Kami telah menyelenggarakan sebuah malam kesenian yang dimeriahkan oleh para artis ibu kota, serta dihadiri pula oleh para pembesar kota itu

  1. Dua pola atasan dan satu atau lebih pola bawahan

Contoh:

Bapak menyesalkan perbuatan itu, dan meminta agar kami berjanji tidak akan mengulangi kesalahan-kesalahan yang sama, yang dapat merugikan nama baik keluarga dan kedudukannya.

  1. Hubungan antara Induk Kalimat dan Anak Kalimat

 

Hubungan induk kalimat dan anak kalimat adalah bagaimana kedudukan anak kalimat itu terhadap gatra-gatra dalam induk kalimat.

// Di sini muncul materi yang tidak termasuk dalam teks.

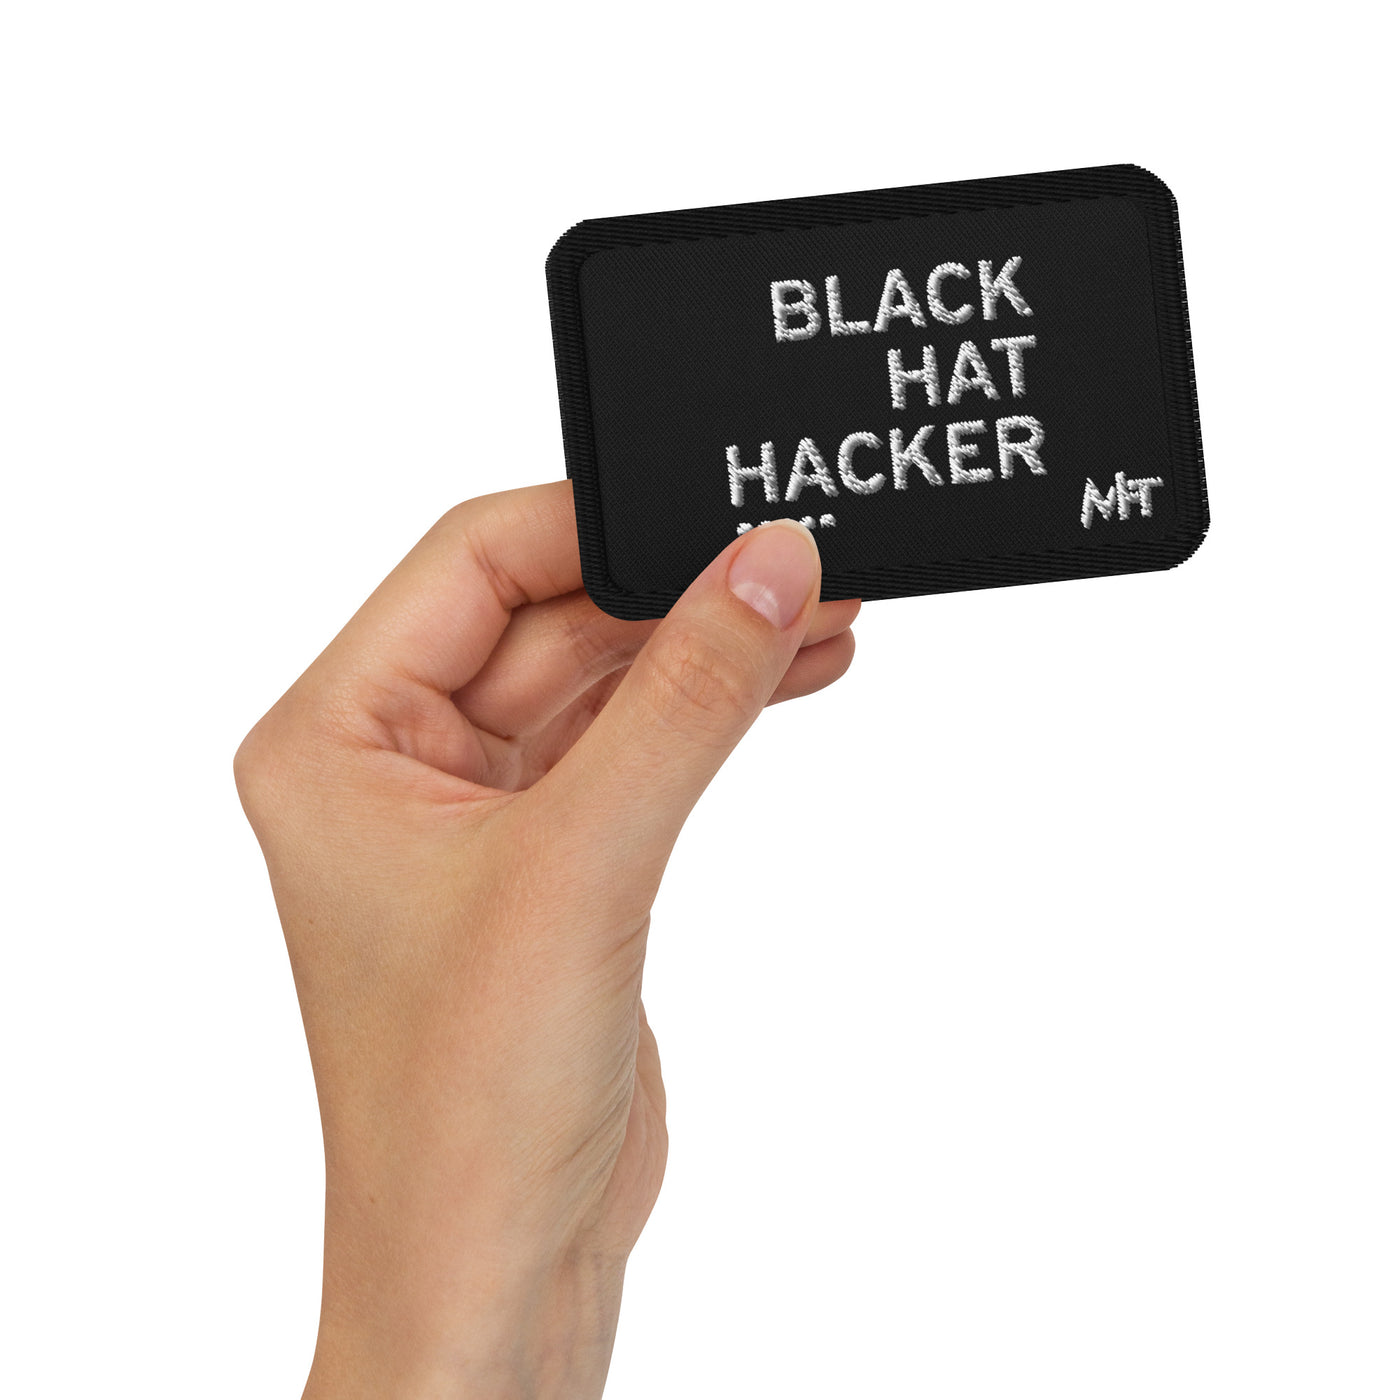 Black Hat Hacker V11 - Embroidered patches
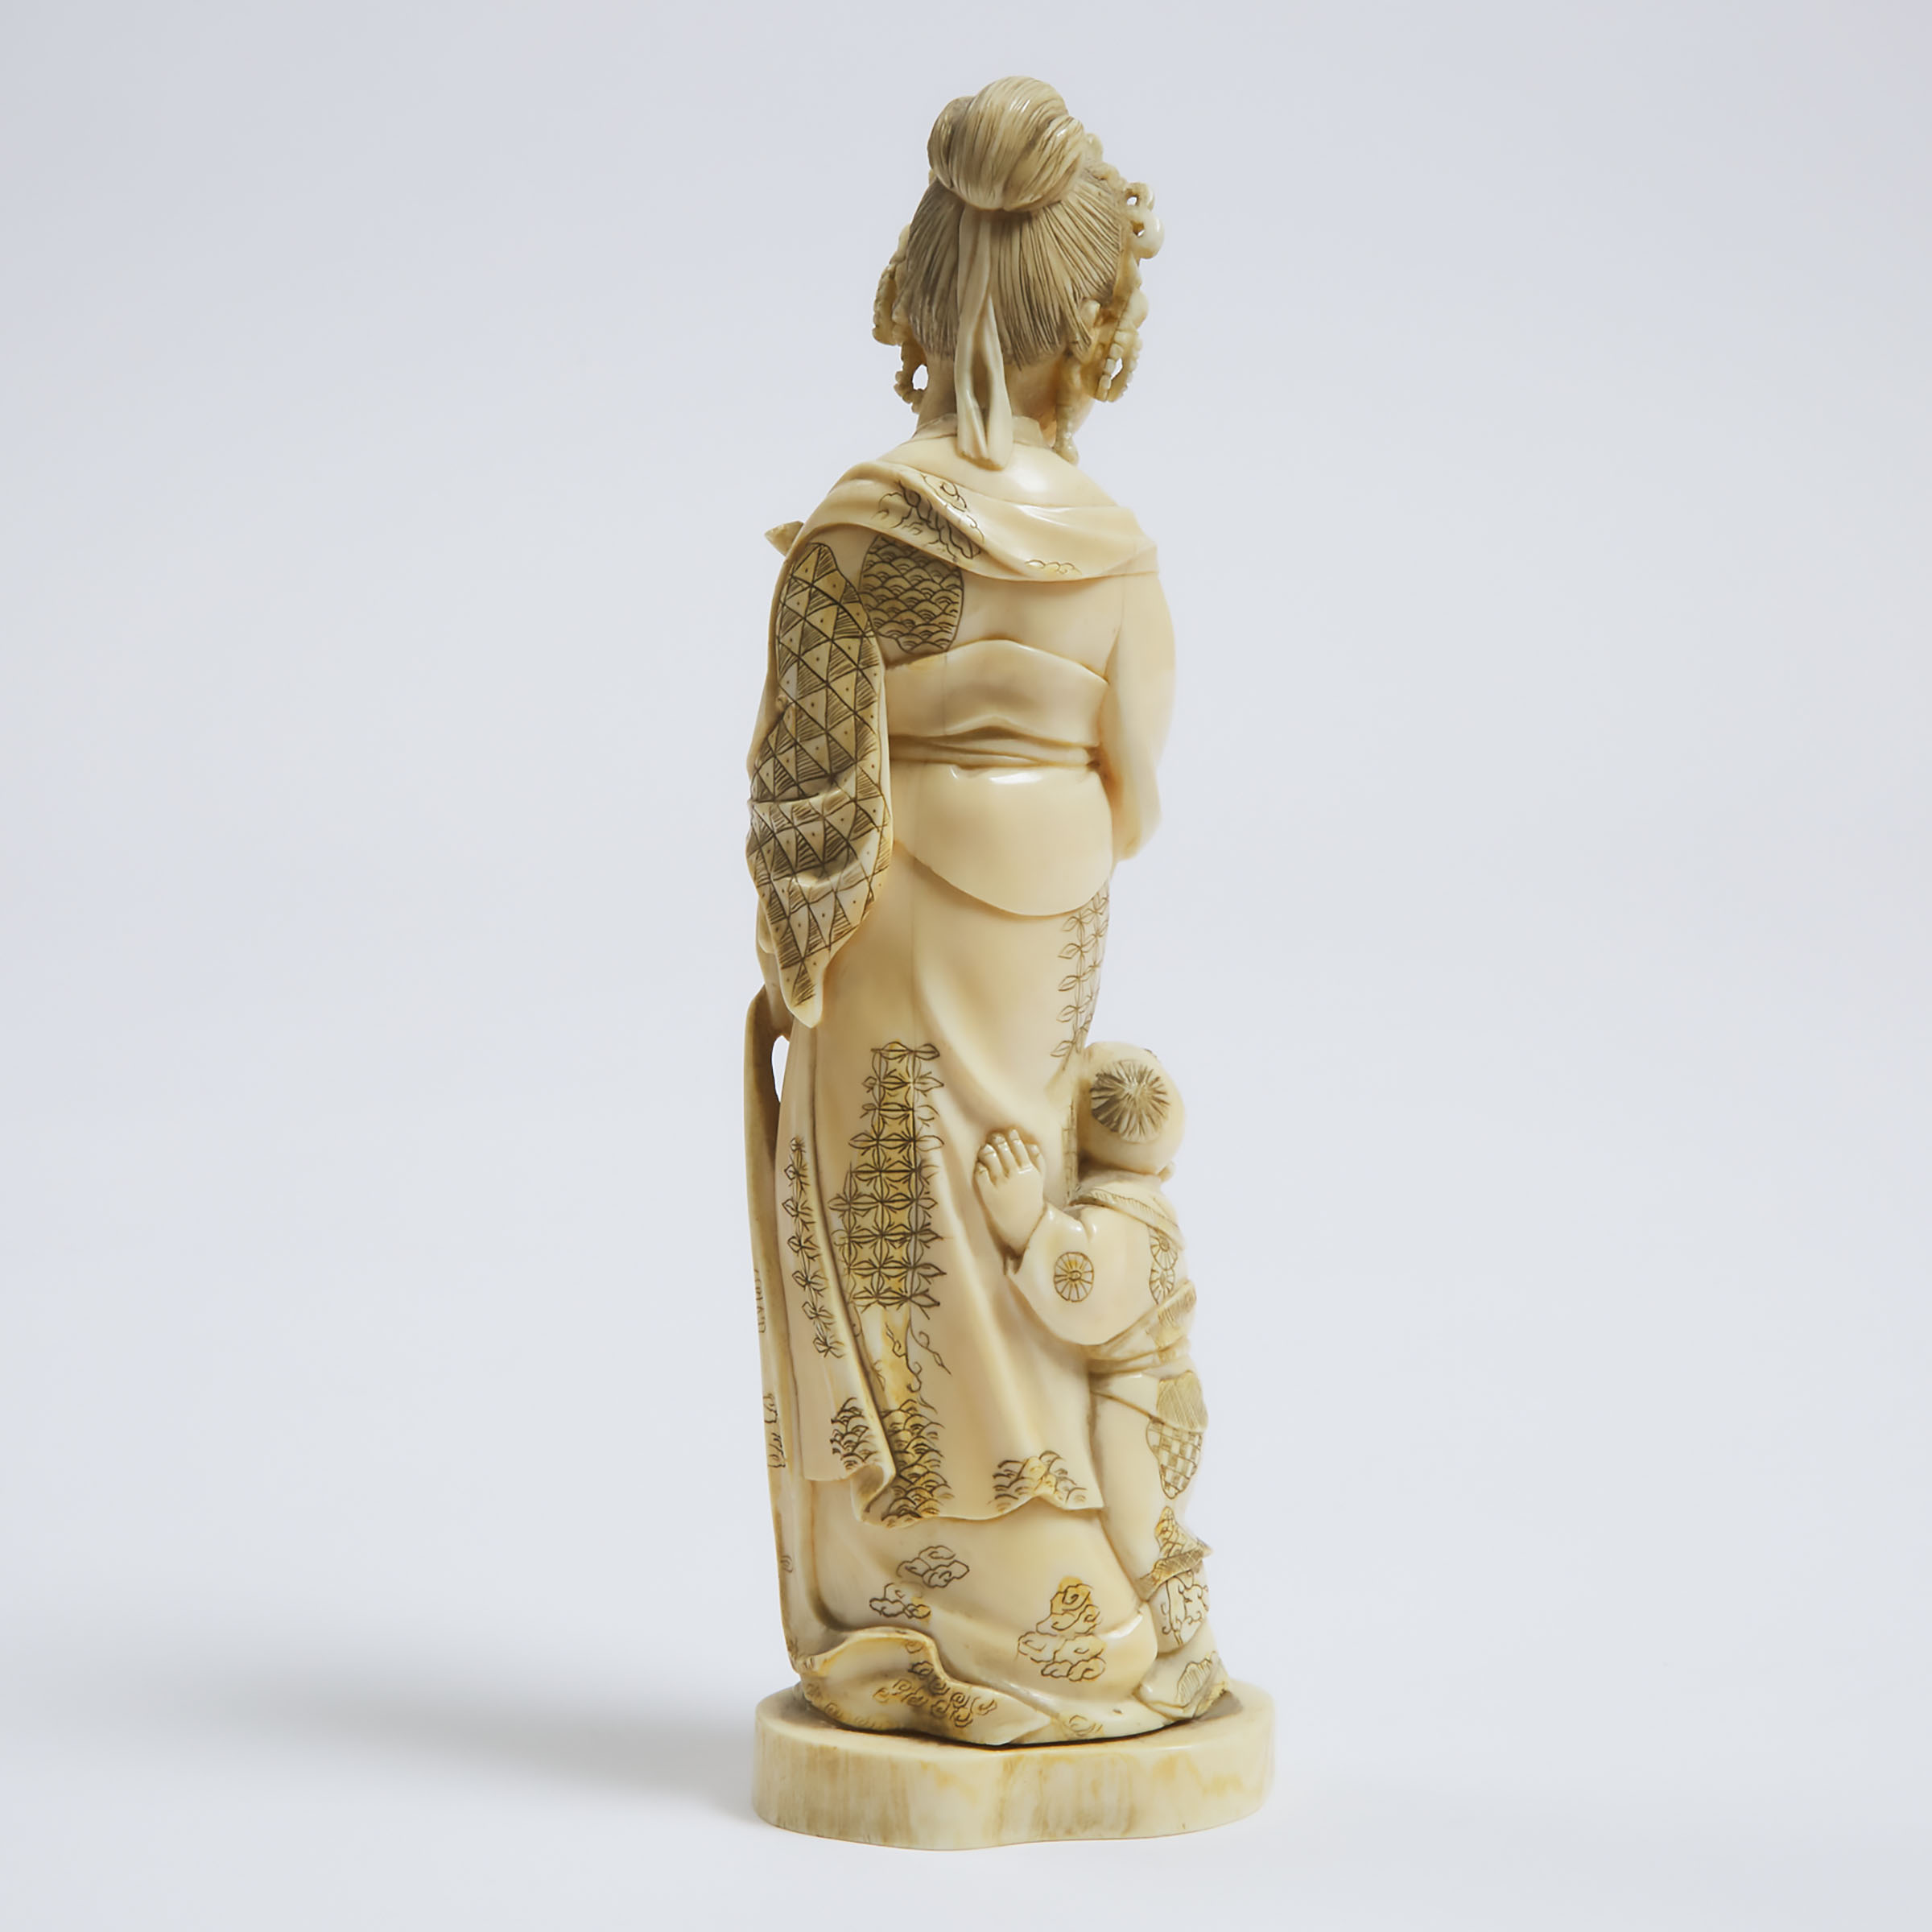 A Carved Ivory Group of a Lady and Child, Signed Gyokushi, Meiji Period (1868-1912)

Anak kalimat dapat dibedakan berdasarkan kedudukanya atau hubungannya dengan induk kalimat.

 

  1. Anak kalimat gatra pangkal

Seluruh anak kalimat yang menduduk fungsi gatra pangkal.

Contoh: Yang menyampaikan berita itu, telah pergi sejam yang lalu.

 

  1. Anak kalimat keterangan gatra pangkal

Contoh:

Kemarin pelajar-pelajar yang telah menempuh ujian akhirnya, berkumpul di sekolah untuk mendengarkan hasi ujiannya.

 

  1. Anak kalimat gatra pelengkap penderita

Contoh: Sering sudah kukatakan, bahwa revousi jangan diukur dengan hari dan dengan tahun.

 

  1. Anak kalimat keterangan waktu: menduduki jabatan atau fungsi keterangan sebab dari induk kalimat.

Contoh: Ketika mereka tiba disini, kami tidak ada.

 

  1. Anak kalimat keterangan gatra pelengkap

Contoh: Saya membawa buku, yang kujanjikan kemarin.

 

  1. Anak kalimat keterangan sebab: menduduki fungsi keterangan sebab dari induk kalimat

Contoh:

Pekerja-pekerja itu enggan mengerjakan pekerjaan itu, karena upah untuk itu terlalu rendah.

 

  1. Anak kalimat keterangan perlawanan: menduduki jabatan keterangan perlawanan dari induk kalimat.

Contoh:

Meskipun kami telah mencoba mensintesakan, kedua dokumen yang penting itu, kami tidak dipimpin oleh keduanya itu saja.